RE: [sqlite] An explanation?

2007-04-26 Thread B V, Phanisekhar
 
Thanks Dennis,
 
Is it that when a Integer column of a table is defined as primary key, the it 
will be part of every index table (rather than rowid) defined on that table? 
How does it work when we define a non integer as primary key. Assuming in the 
example given below if we make the Title column as primary key and create index 
on Id, how does it affect the performance of the two queries?
 
Regards,
Phanisekahr
 

 


From: Dennis Cote [mailto:[EMAIL PROTECTED]
Sent: Thu 4/26/2007 7:52 PM
To: sqlite-users@sqlite.org
Subject: Re: [sqlite] An explanation?



B V, Phanisekhar wrote:
> Thanks for that Info.
>
> I have another question:
>
> Assume I have a table given below
> "CREATE TABLE IF NOT EXISTS Title(Id INTEGER PRIMARY KEY, TitleName
> String)"
> "CREATE UNIQUE INDEX IF NOT EXISTS TitleIdx ON TitleName"
>
> Now since Id is an integer and a primary key, this will work as rowid
> internally.
>
> I have two queries that needs to be optimized:
>
> 1 Select TitleName from Title where Id = ?
> 2 Select Id from Title where TitleName = ?
>
> In order to make the previous two queries optimized, how should I
> declare my Table and Index?
>
> Should it be:
>
> 1
> "CREATE TABLE IF NOT EXISTS Title(Id INTEGER PRIMARY KEY, TitleName
> String)"
> "CREATE UNIQUE INDEX IF NOT EXISTS TitleIdx ON (TitleName, Id)"
>
> 2
>   The one which I assumed
>
> Which one of these will give the better performance for the two queries?
> Or is there any other alternative that will give even better
> performance?
>
> Regards,
> Phanisekhar
>  

Phanisekhar,

Your original index definition is all that is needed.

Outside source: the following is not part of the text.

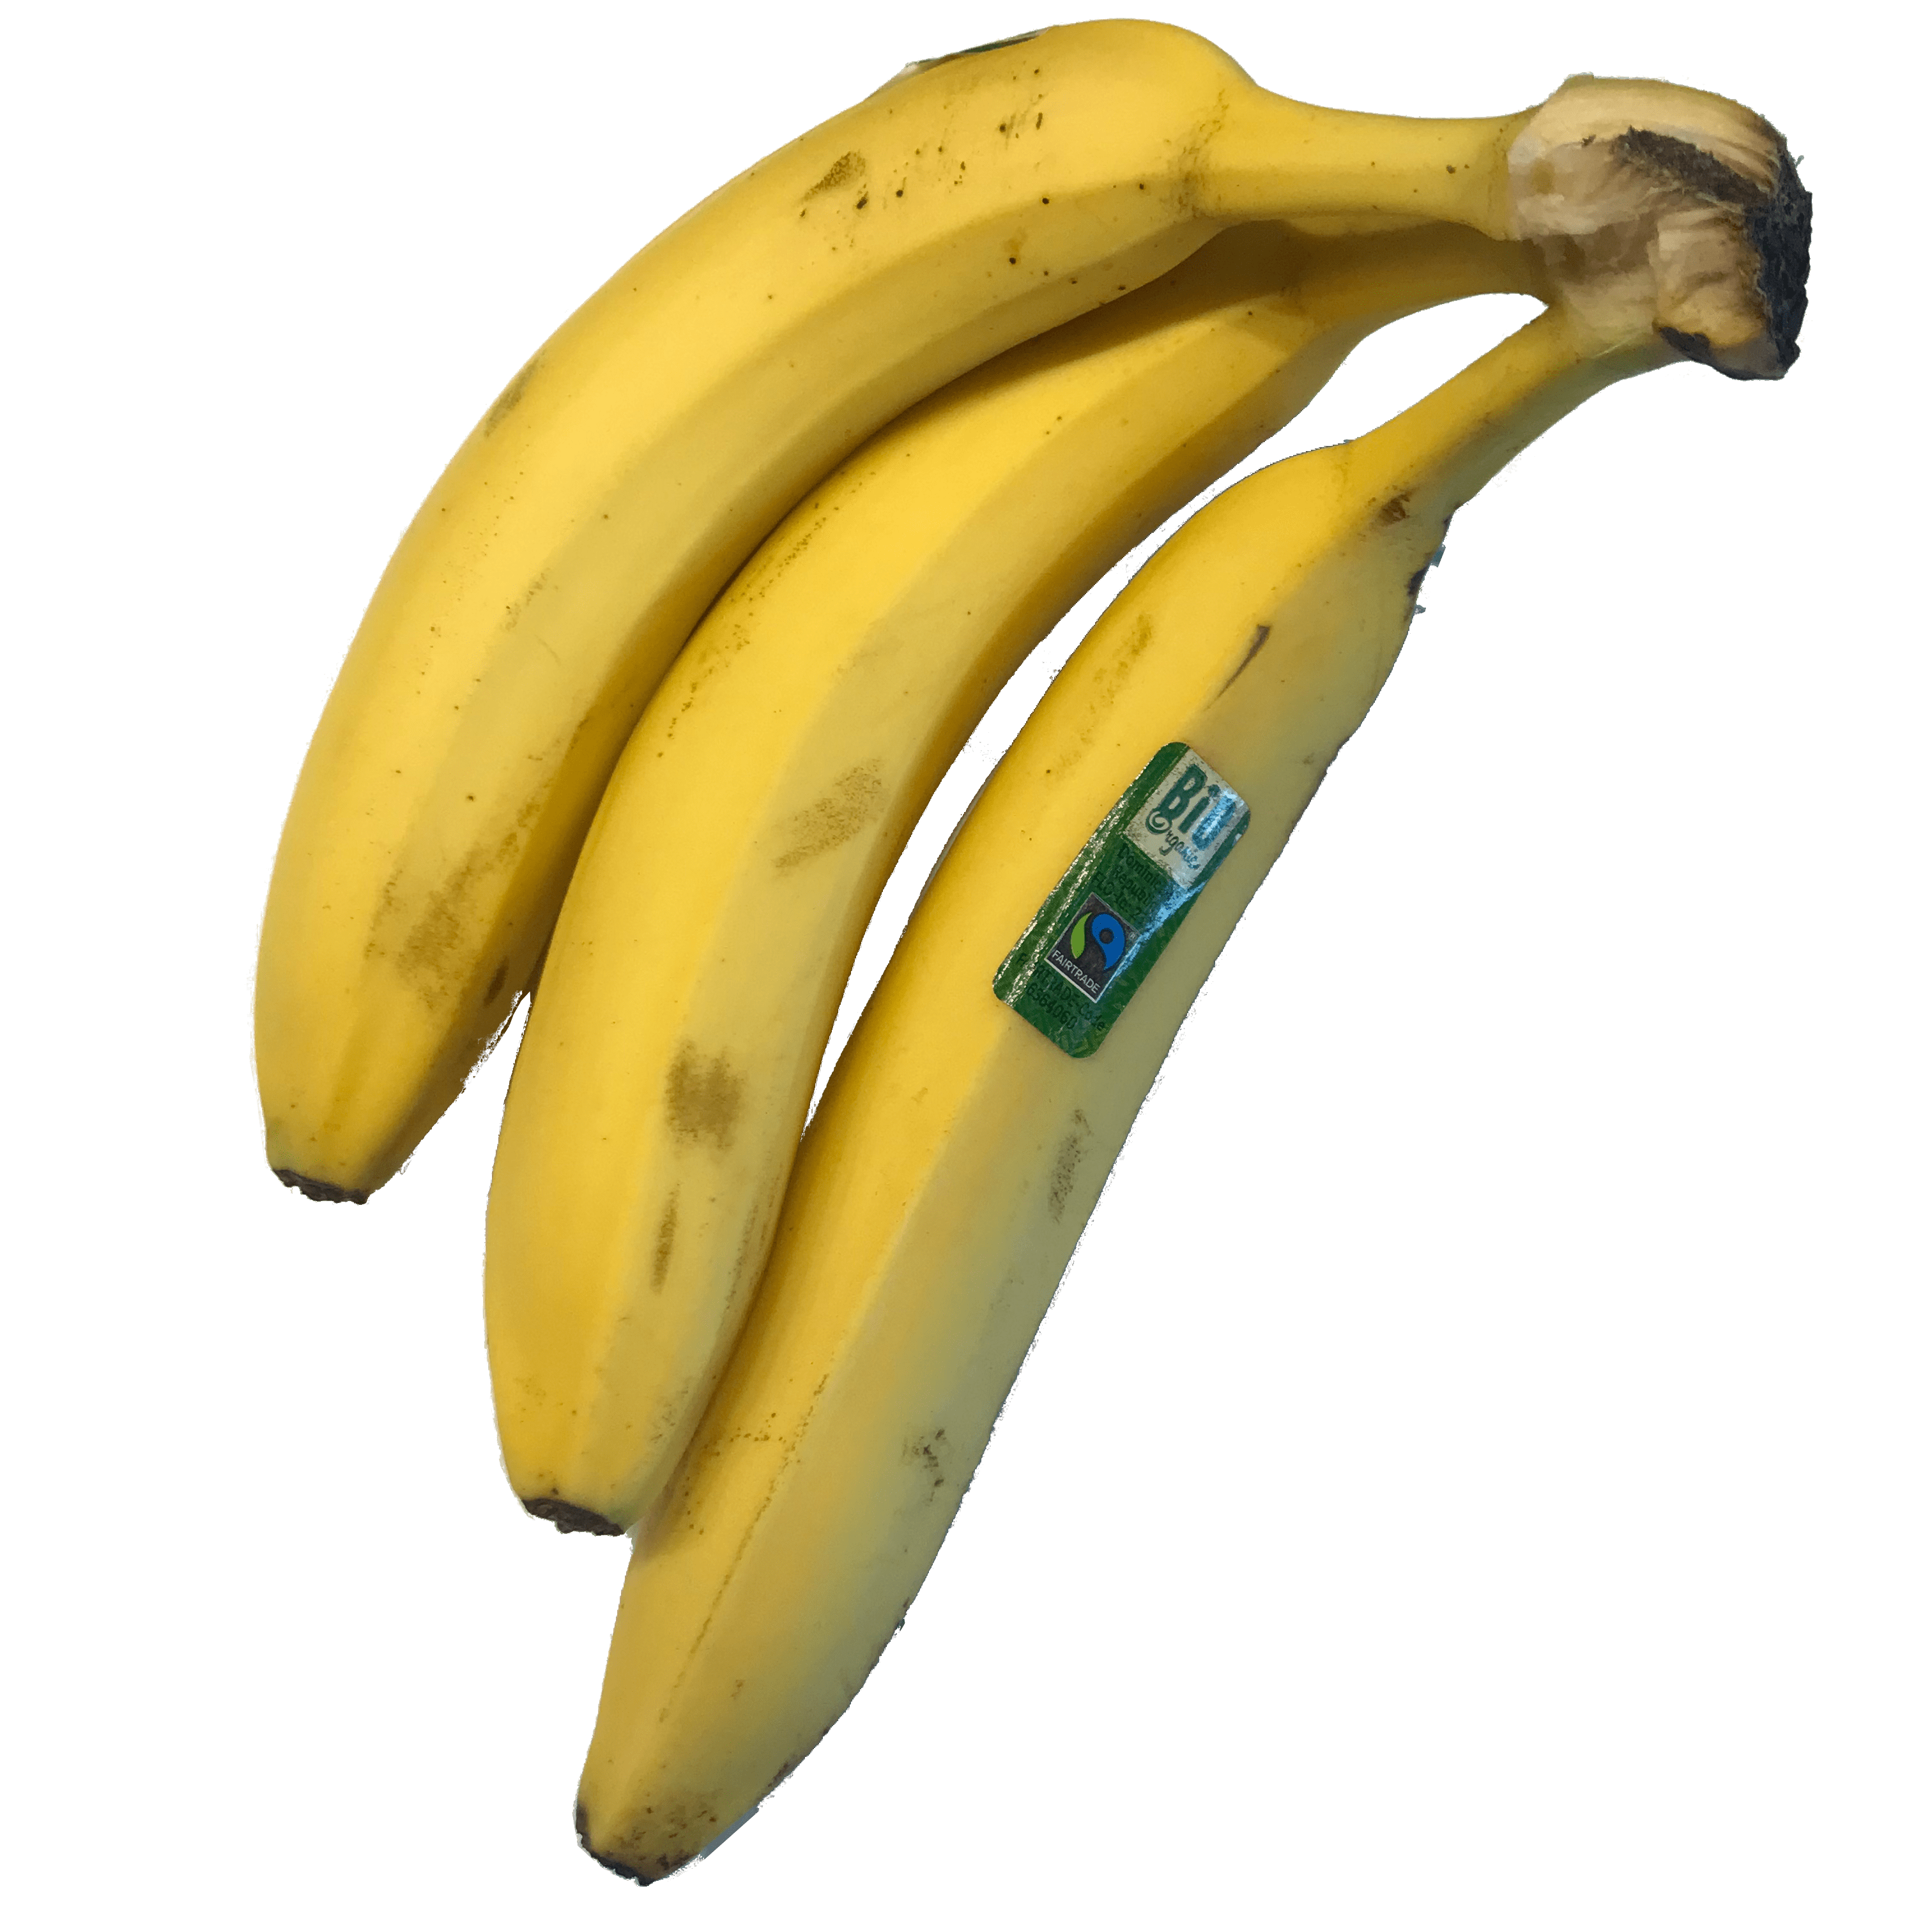 Beautiful Banana

The index already 
contains the rowid for the table record, which happens to be the column id 
because of the integer primary key optimization. There is nothing to be gained 
by adding it to the index again.

Your first query will be satisfied by a binary search in the title table 
looking for the id. It won't use the index.

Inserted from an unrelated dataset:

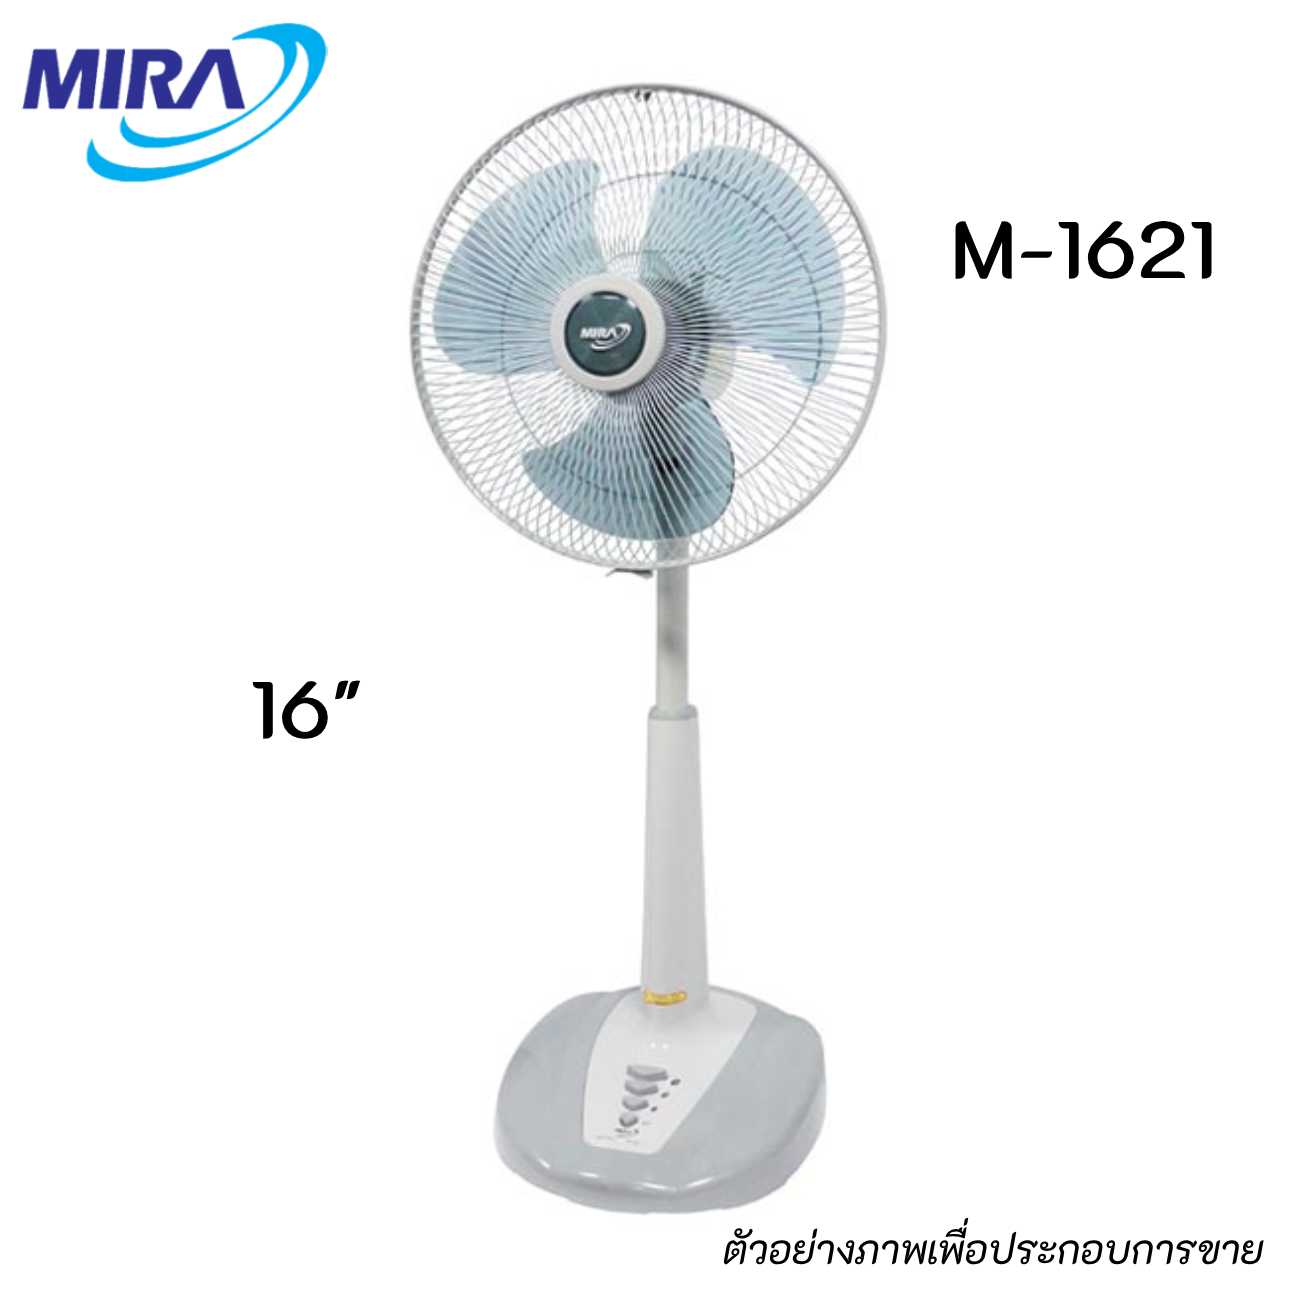 MIRA M-1621 พัดลมปรับระดับขนาด 16 นิ้ว สีเทา

Your second query will be satisfied by a binary search in the TitleIdx index 
looking for a matching title. It won't use the Title table.

HTH
Dennis Cote


-
To unsubscribe, send email to [EMAIL PROTECTED]
-




-
To unsubscribe, send email to [EMAIL PROTECTED]
-

Re: [sqlite] An explanation?

2007-04-26 Thread Dennis Cote

B V, Phanisekhar wrote:

Thanks for that Info.

I have another question:

Assume I have a table given below
"CREATE TABLE IF NOT EXISTS Title(Id INTEGER PRIMARY KEY, TitleName
String)"
"CREATE UNIQUE INDEX IF NOT EXISTS TitleIdx ON TitleName"

Now since Id is an integer and a primary key, this will work as rowid
internally. 


I have two queries that needs to be optimized:

1   Select TitleName from Title where Id = ?
2   Select Id from Title where TitleName = ?

In order to make the previous two queries optimized, how should I
declare my Table and Index?

Should it be: 

1 
"CREATE TABLE IF NOT EXISTS Title(Id INTEGER PRIMARY KEY, TitleName

String)"
"CREATE UNIQUE INDEX IF NOT EXISTS TitleIdx ON (TitleName, Id)"

2
The one which I assumed

Which one of these will give the better performance for the two queries?
Or is there any other alternative that will give even better
performance?

Regards,
Phanisekhar
  


Phanisekhar,

Your original index definition is all that is needed. The index already 
contains the rowid for the table record, which happens to be the column id 
because of the integer primary key optimization. There is nothing to be gained 
by adding it to the index again.

Your first query will be satisfied by a binary search in the title table 
looking for the id. It won't use the index.

Your second query will be satisfied by a binary search in the TitleIdx index 
looking for a matching title. It won't use the Title table.

HTH
Dennis Cote


-
To unsubscribe, send email to [EMAIL PROTECTED]
-



RE: [sqlite] An explanation?

2007-04-26 Thread B V, Phanisekhar
Thanks for that Info.

I have another question:

Assume I have a table given below
"CREATE TABLE IF NOT EXISTS Title(Id INTEGER PRIMARY KEY, TitleName
String)"
"CREATE UNIQUE INDEX IF NOT EXISTS TitleIdx ON TitleName"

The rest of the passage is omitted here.